Am I off my rocker? Will I be wearing egg on my face? I hope not, but that's the least of my worries (and it would, admittedly be a rather humorous interlude). Consider my competing interests below...

Competing interests declared: 11 years of this bull is enough! There's more to life than writing! I wanna be a jock again! I wanna get well!:Retro wink::D

So... any takers for my friendly egg-on-face wager?:D:D
 

cfs since 1998

Senior Member
Messages
604
I'm sorry but I don't see how there's a conflict of interest. If the VIP lab was a nonprofit organization giving its money to and being controlled by a for-profit company, that would be, but that is the precise opposite of the situation in question. In addition, is states clearly that the test license is non exclusive, which means any lab could purchase a license and conduct the same test.
 

consuegra

Senior Member
Messages
176
It is my understanding that the antibody test will be available from VIPdx in mid-February. When and if the antibody test is available I am going to send another sample. VIPdx neglected to tell some patients to stay off antivirals for two weeks prior to the blood draw.

Chris

http://cfspatientadvocate.blogspot.com
 

MEKoan

Senior Member
Messages
2,630
Ok, maybe it's just because Parvo and I are both Canadians - an optimistic people, perhaps - but what Parvo says makes a whole lot of sense.

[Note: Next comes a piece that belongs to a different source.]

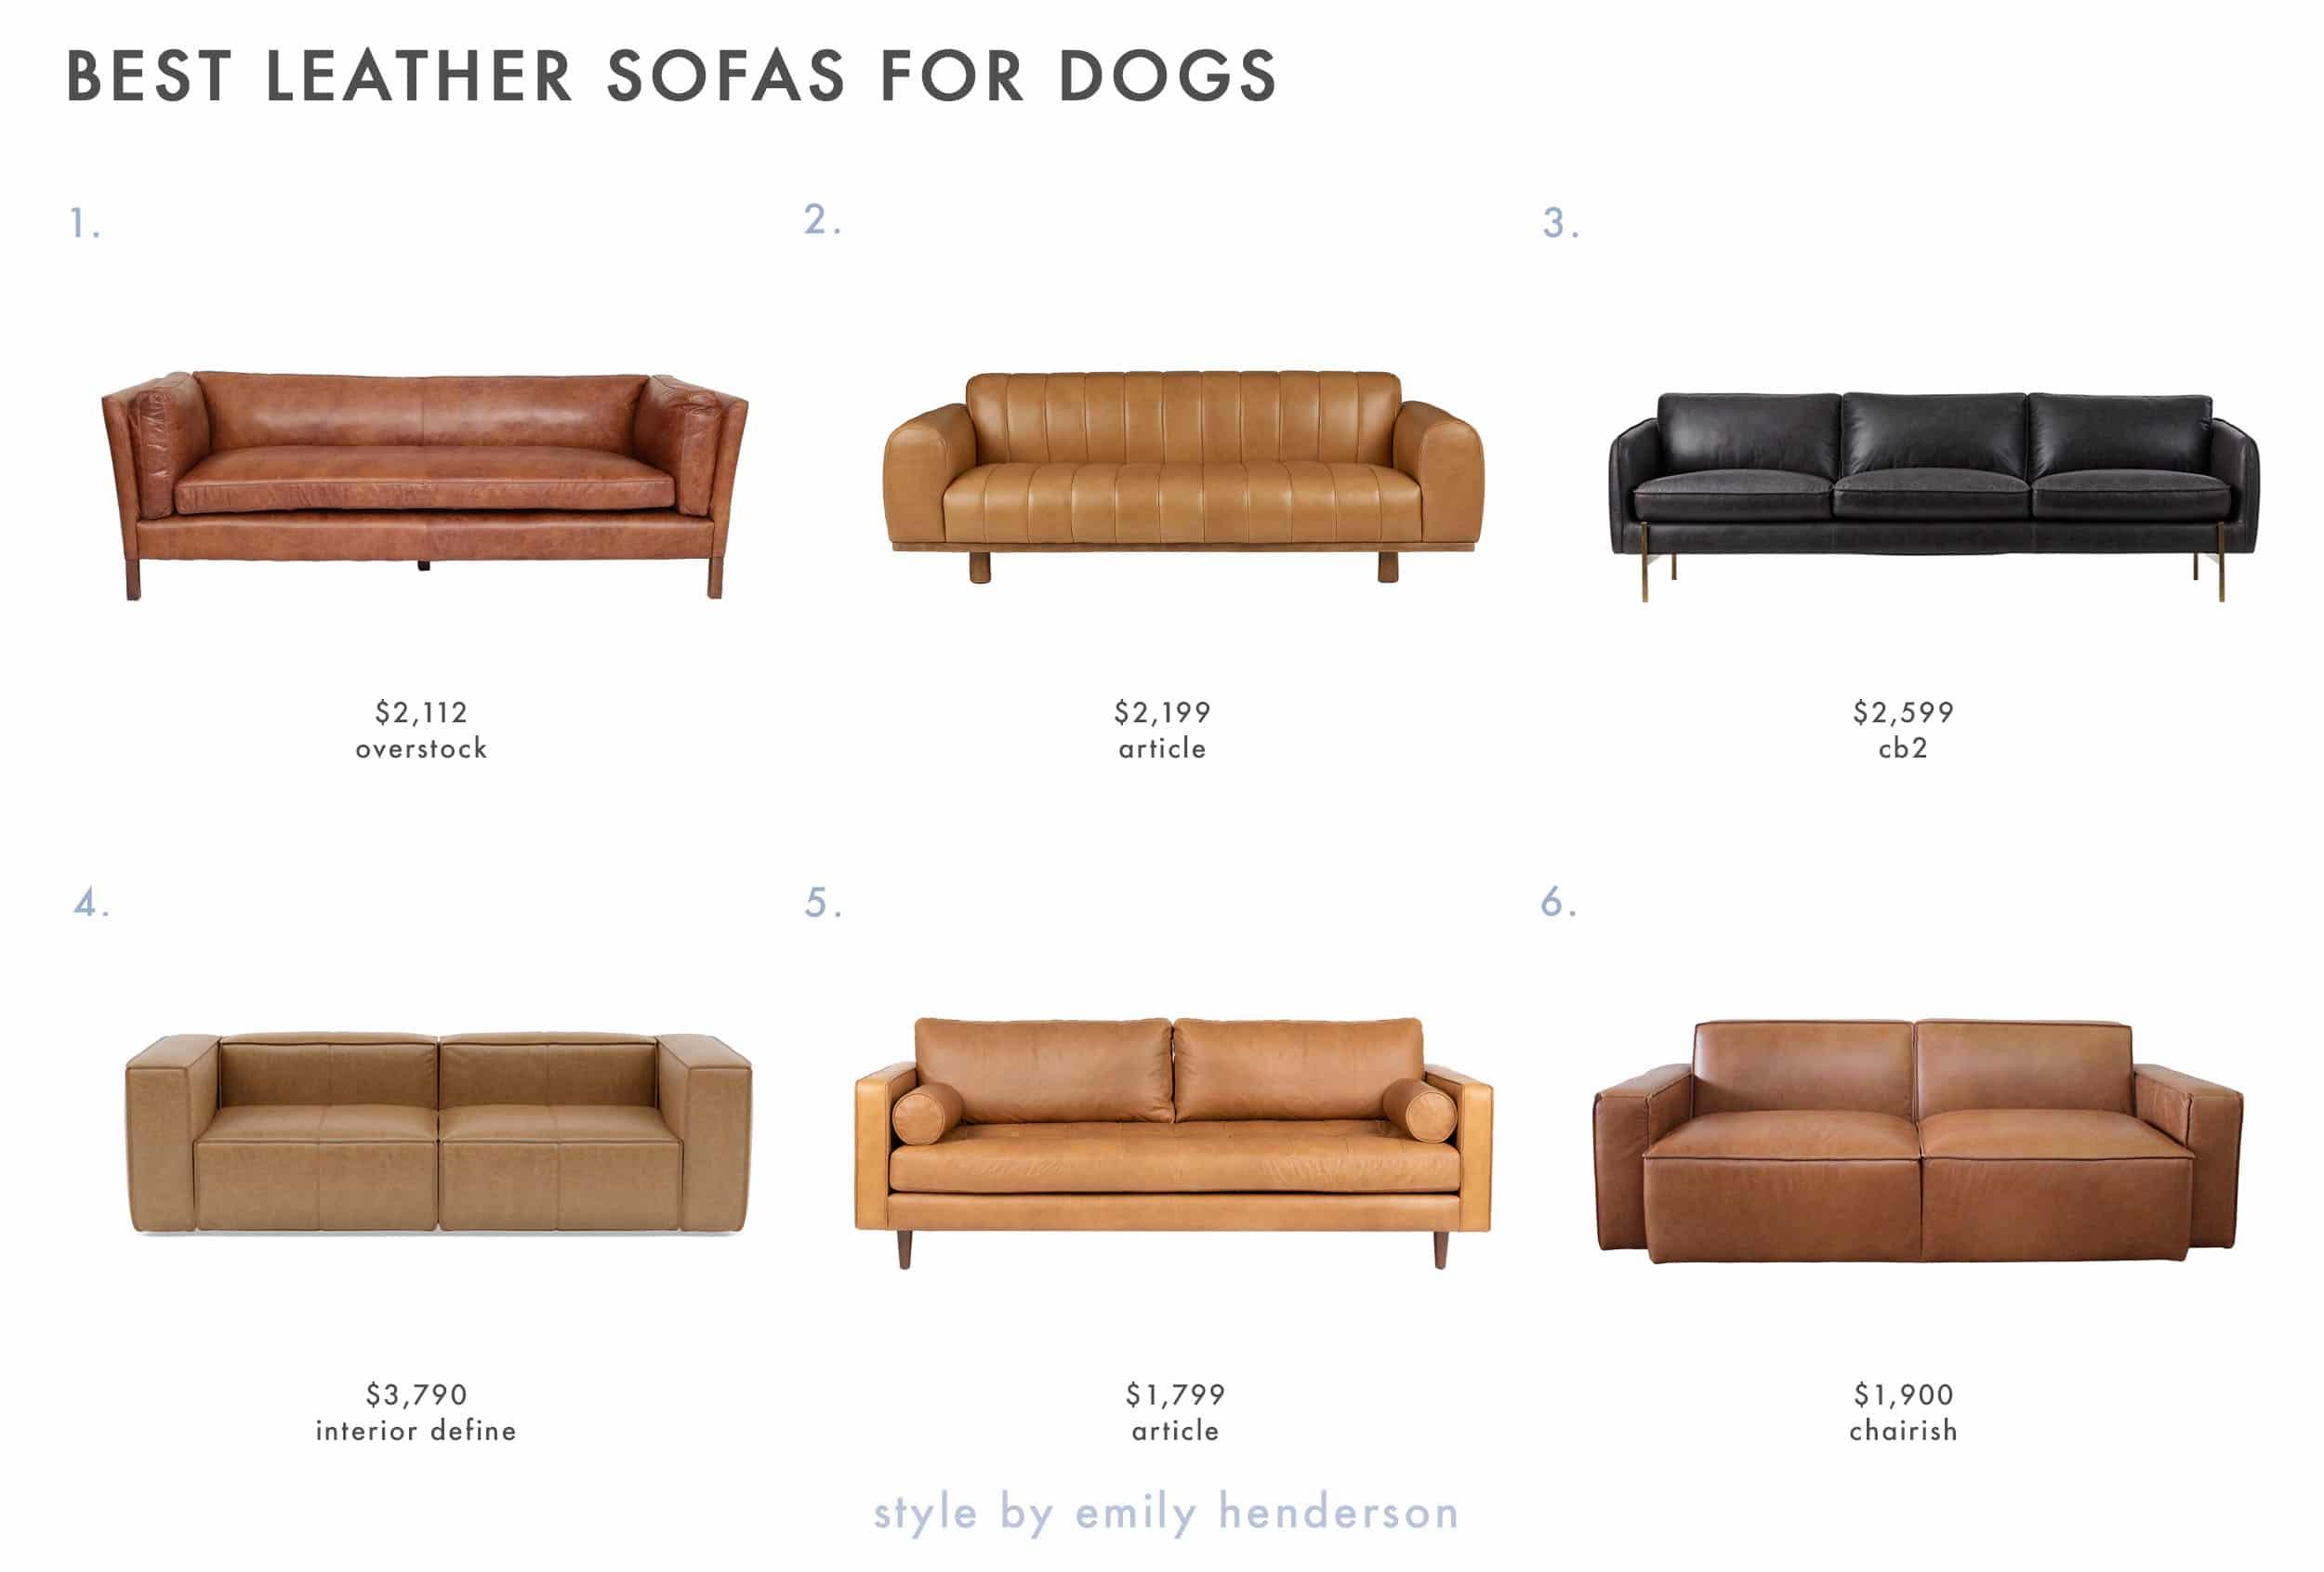 Dog Friendly Sofas 1

I'm not sold on the multiple labs angle but maybe if I had a little poutine, I could see that, too.

I have been thinking that the most likely motivation to hurry a Weasely study would be to cover the tushies of anyone who has been denying patients medical services by "proving" that there is no XMRV in England :innocent1:

I can see no other rational explanation for running with scissors!

What am I saying! "Rational"? Silly me!
 
G

George

Guest
Sorry Worn out

Not sure if this is the right place to post this but does anyone have info on this lab offering XMRV Testing Clongen lab

http://clongen.com/XMRV_PCR_Testing.php

I googled em and came up empty. I thought I'd try some of the names next. (just got through licking my plate er. . . having dinner) They came out of the blue.

A valid test would explain some of the confidence and the fact that they are kicking up the commercial aspects of this really fast. I didn't expect to see this kinda of thing till middle of March maybe later.

It's pure speculation of course and we will just have to wait and see. However, we do know that HHS blood group has been working to create a bonifide "valid" test for screening the blood bank. A culture test could work for now. (hmmmm) We also know that the HHS has been doing a bit of quite maneuvering. The creation of the task force and moving the CFS department out of Women's health were done with no press releases, very much on the QT.

I figured that the HHS would want all of the blood screened and a simple test available before they would be comfortable with any publicity. Can they have achieved that so quickly??